### Instructions for the task
The data must be given again exactly as written, with all images omitted.

### Stored data
-- Opening Marker --
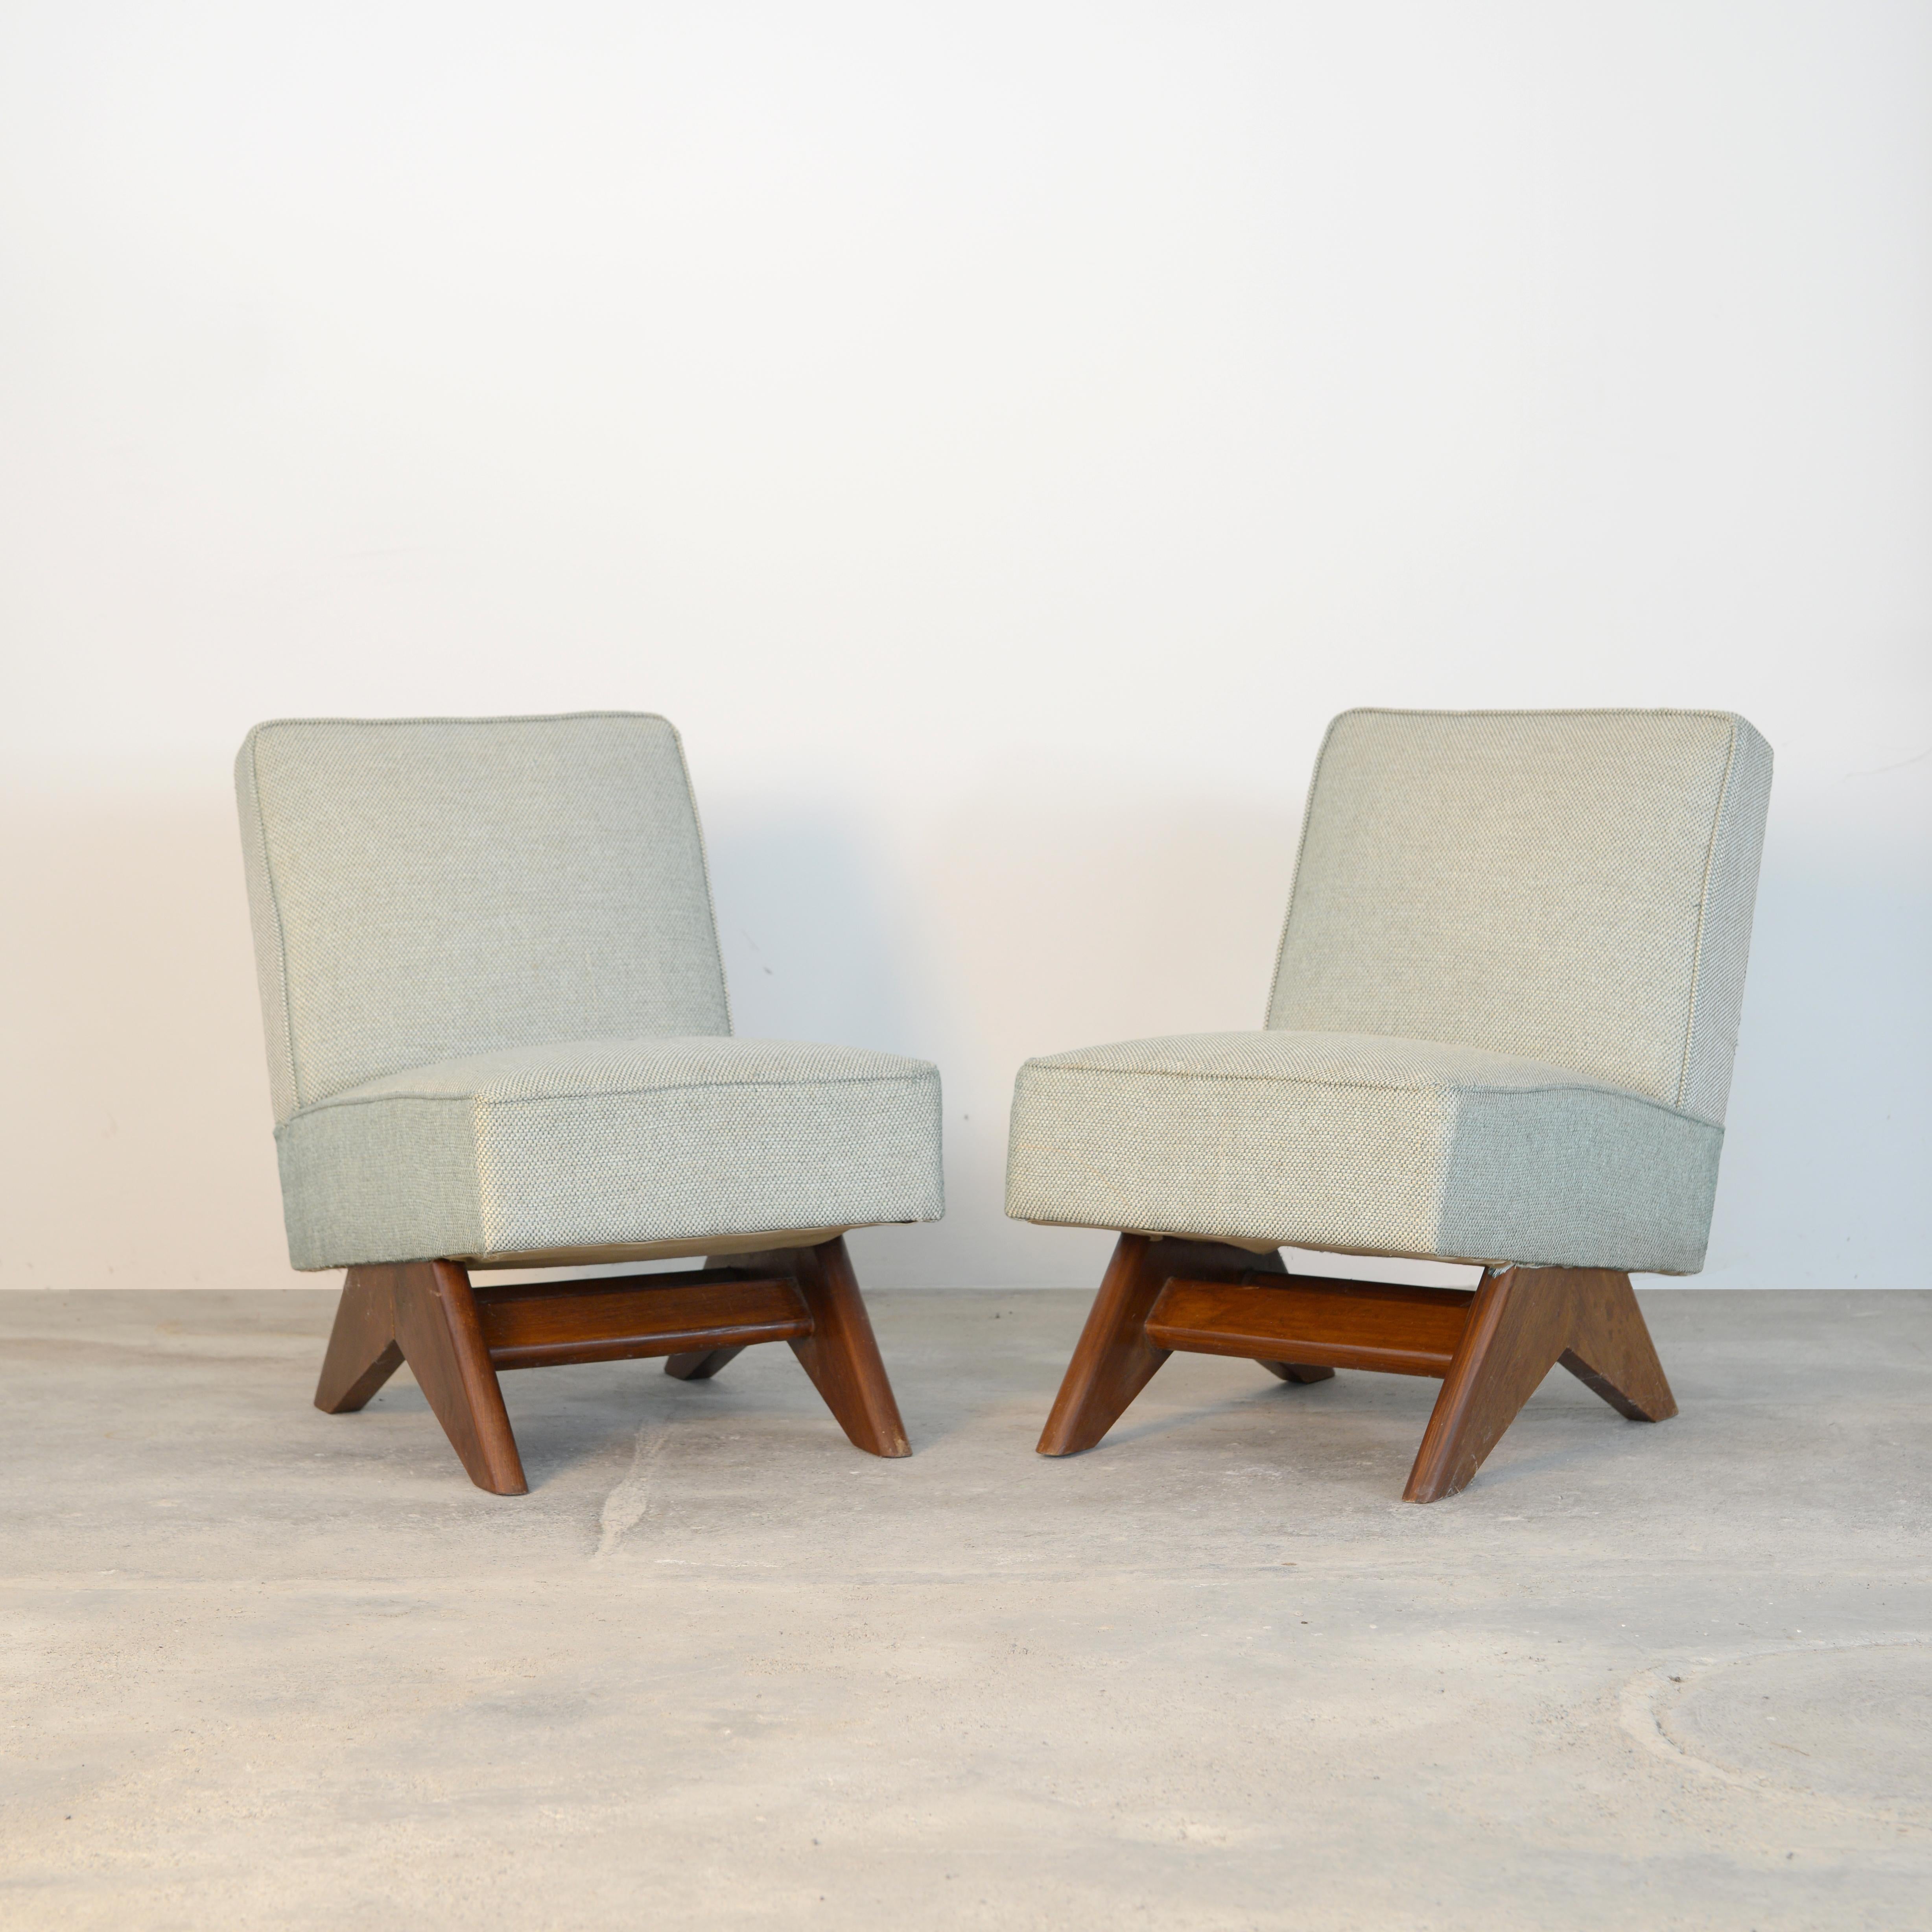 Cowhide Two Pierre Jeanneret Sofa Chairs / Authentic Mid-Century Modern, Chandigarh For Sale
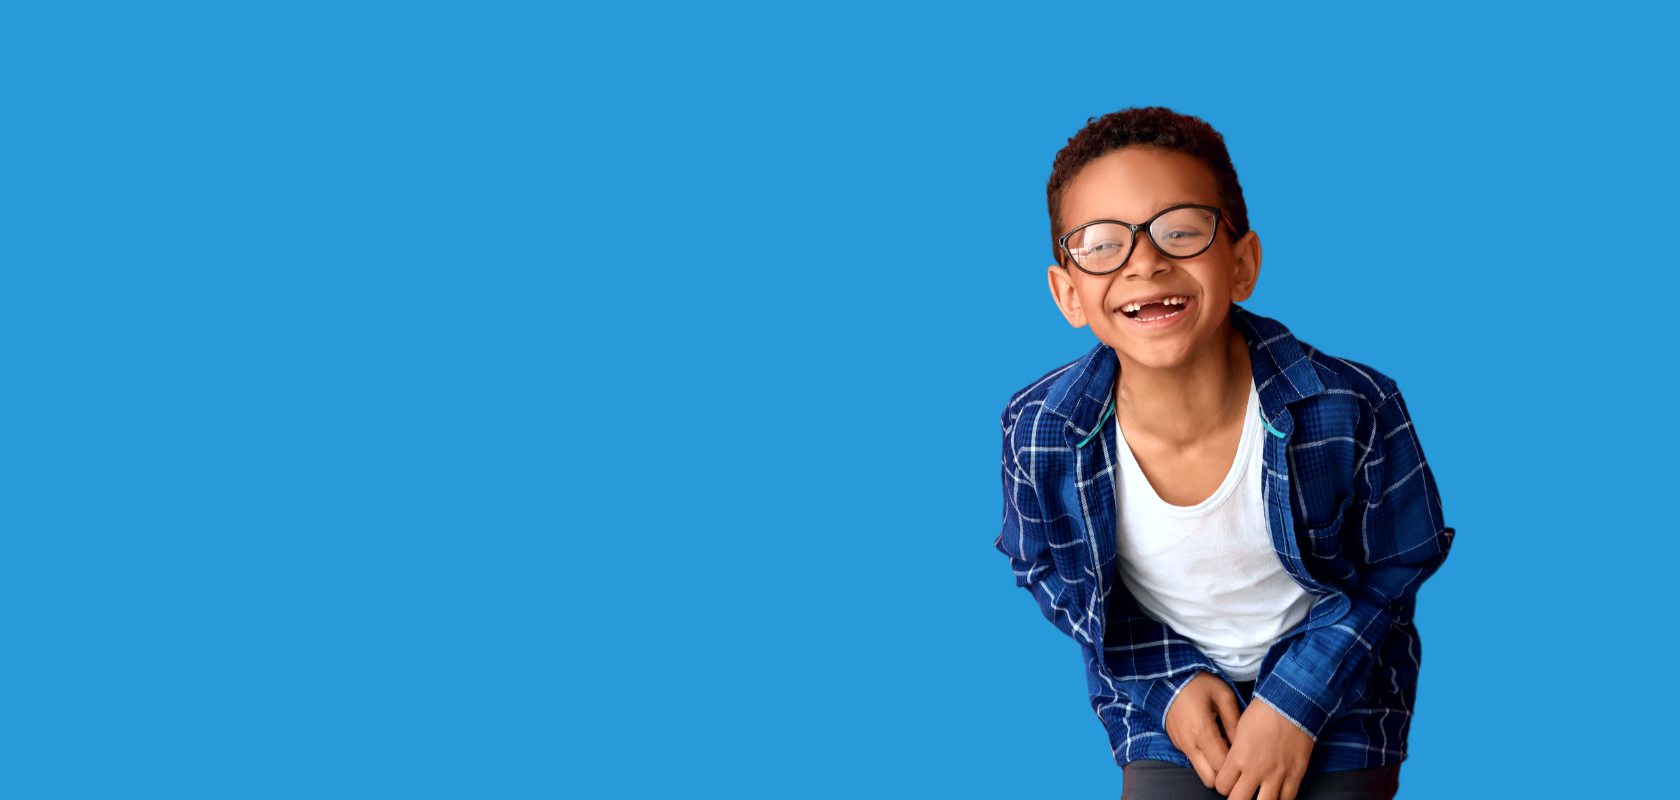 image is of a young boy wearing glasses and smiling.
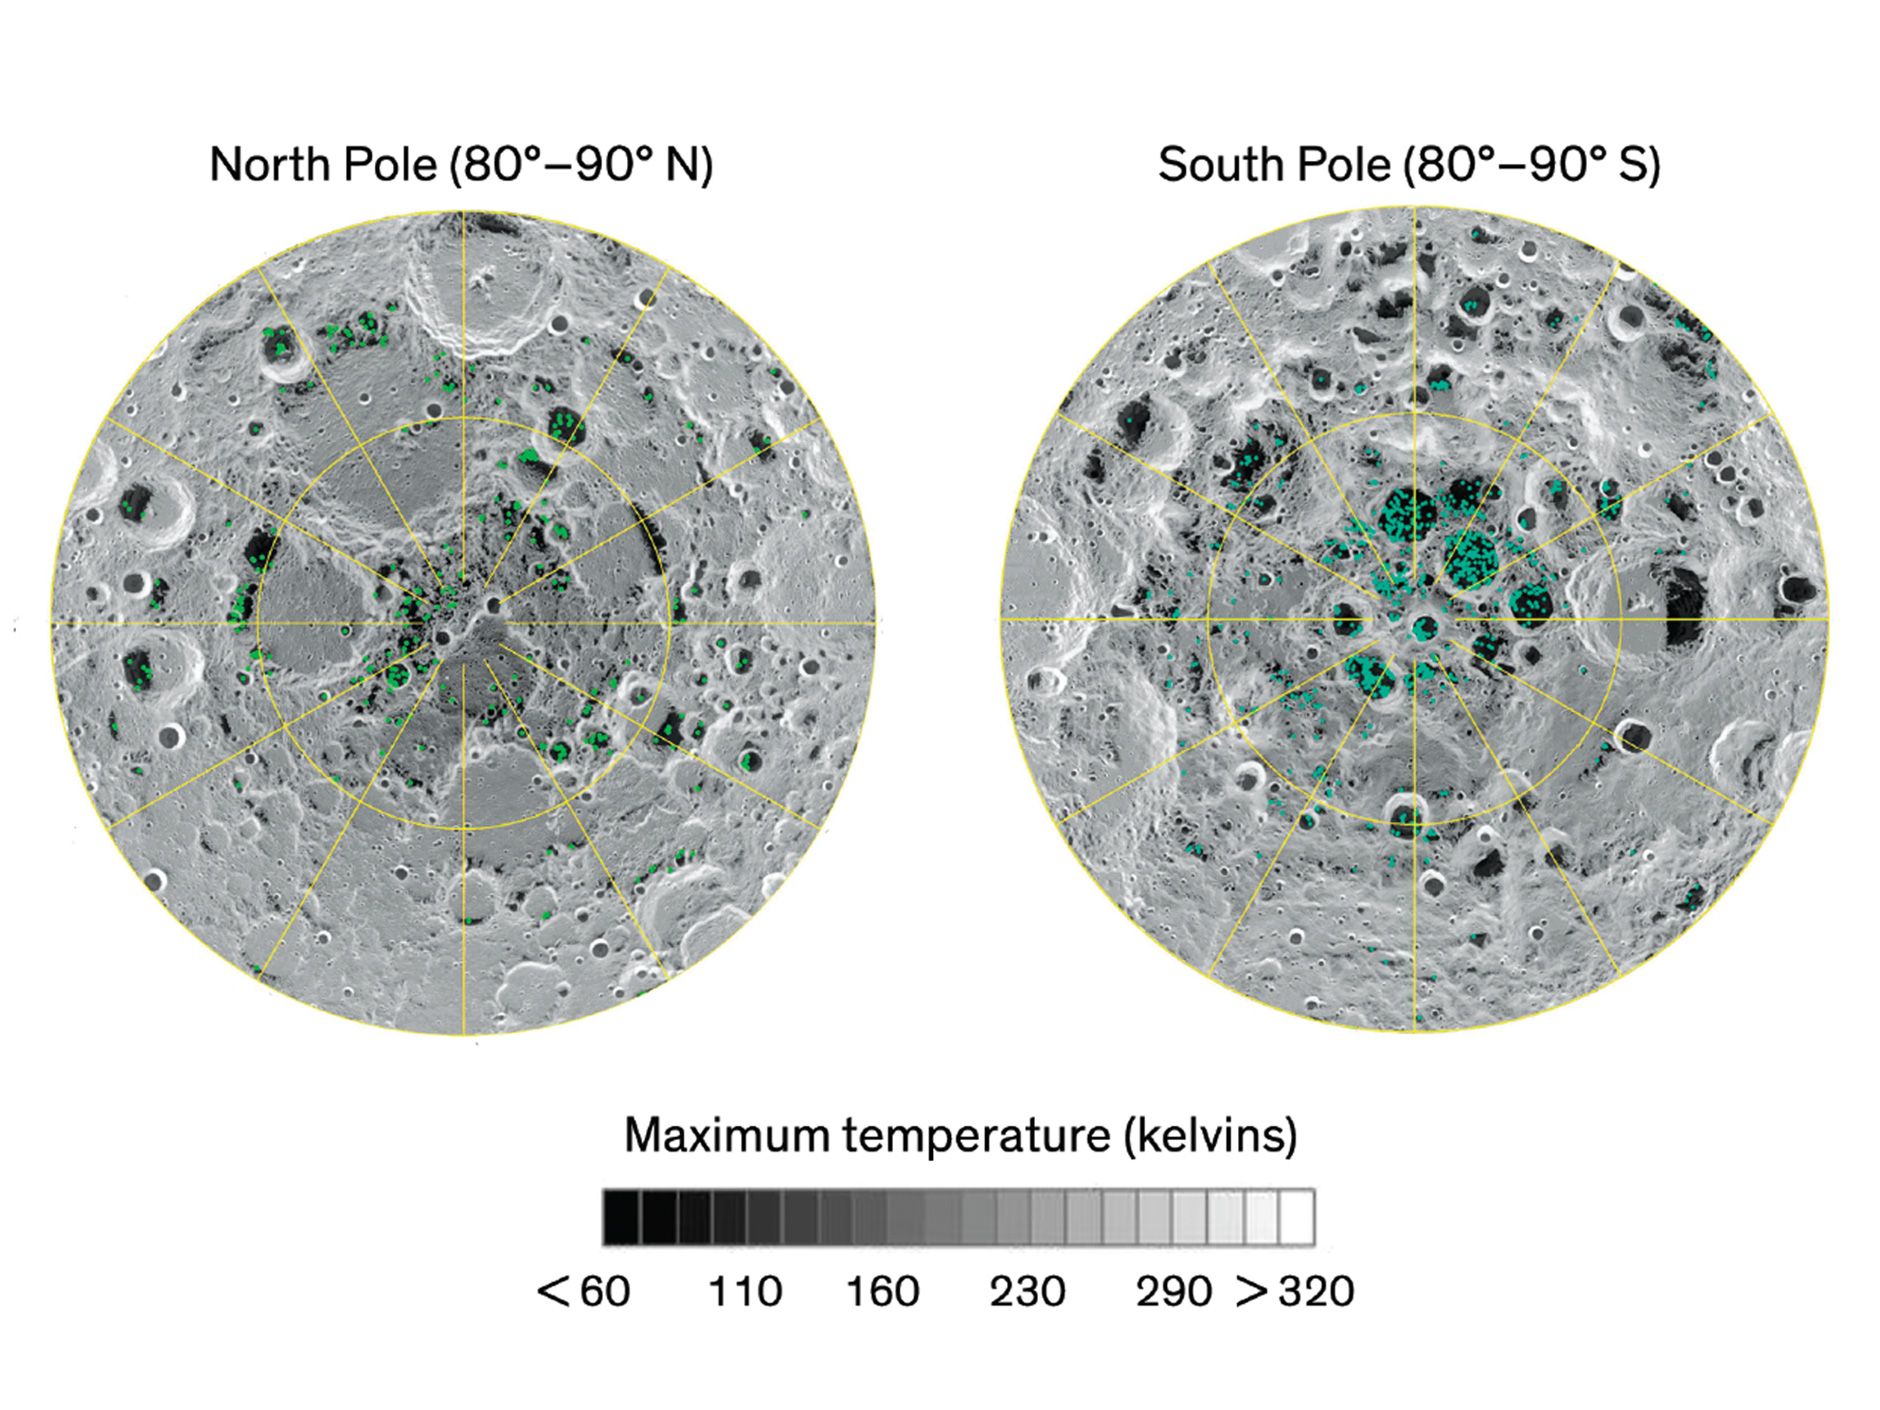 <b>Mapping the Moon:</b> Several lunar missions have produced strong evidence of water ice. A <a href="https://www.nasa.gov/">NASA</a> instrument called the <a href="https://solarsystem.nasa.gov/missions/chandrayaan-1/in-depth/">Moon Mineralogy Mapper</a> (M3) found indications of water ice on the permanently shadowed floors of some polar craters. However, the measurements suggest that only a small fraction of cold traps contain ice [colored areas], and that the ice is probably mixed with lunar regolith. <a href="https://www.pnas.org/content/115/36/8907">Data source.</a>
-- Closing Marker --
### Response box
 Cowhide Two Pierre Jeanneret Sofa Chairs / Authentic Mid-Century Modern, Chandigarh For Sale
 image is of a young boy wearing glasses and smiling.
 <b>Mapping the Moon:</b> Several lunar missions have produced strong evidence of water ice. A <a href="https://www.nasa.gov/">NASA</a> instrument called the <a href="https://solarsystem.nasa.gov/missions/chandrayaan-1/in-depth/">Moon Mineralogy Mapper</a> (M3) found indications of water ice on the permanently shadowed floors of some polar craters. However, the measurements suggest that only a small fraction of cold traps contain ice [colored areas], and that the ice is probably mixed with lunar regolith. <a href="https://www.pnas.org/content/115/36/8907">Data source.</a>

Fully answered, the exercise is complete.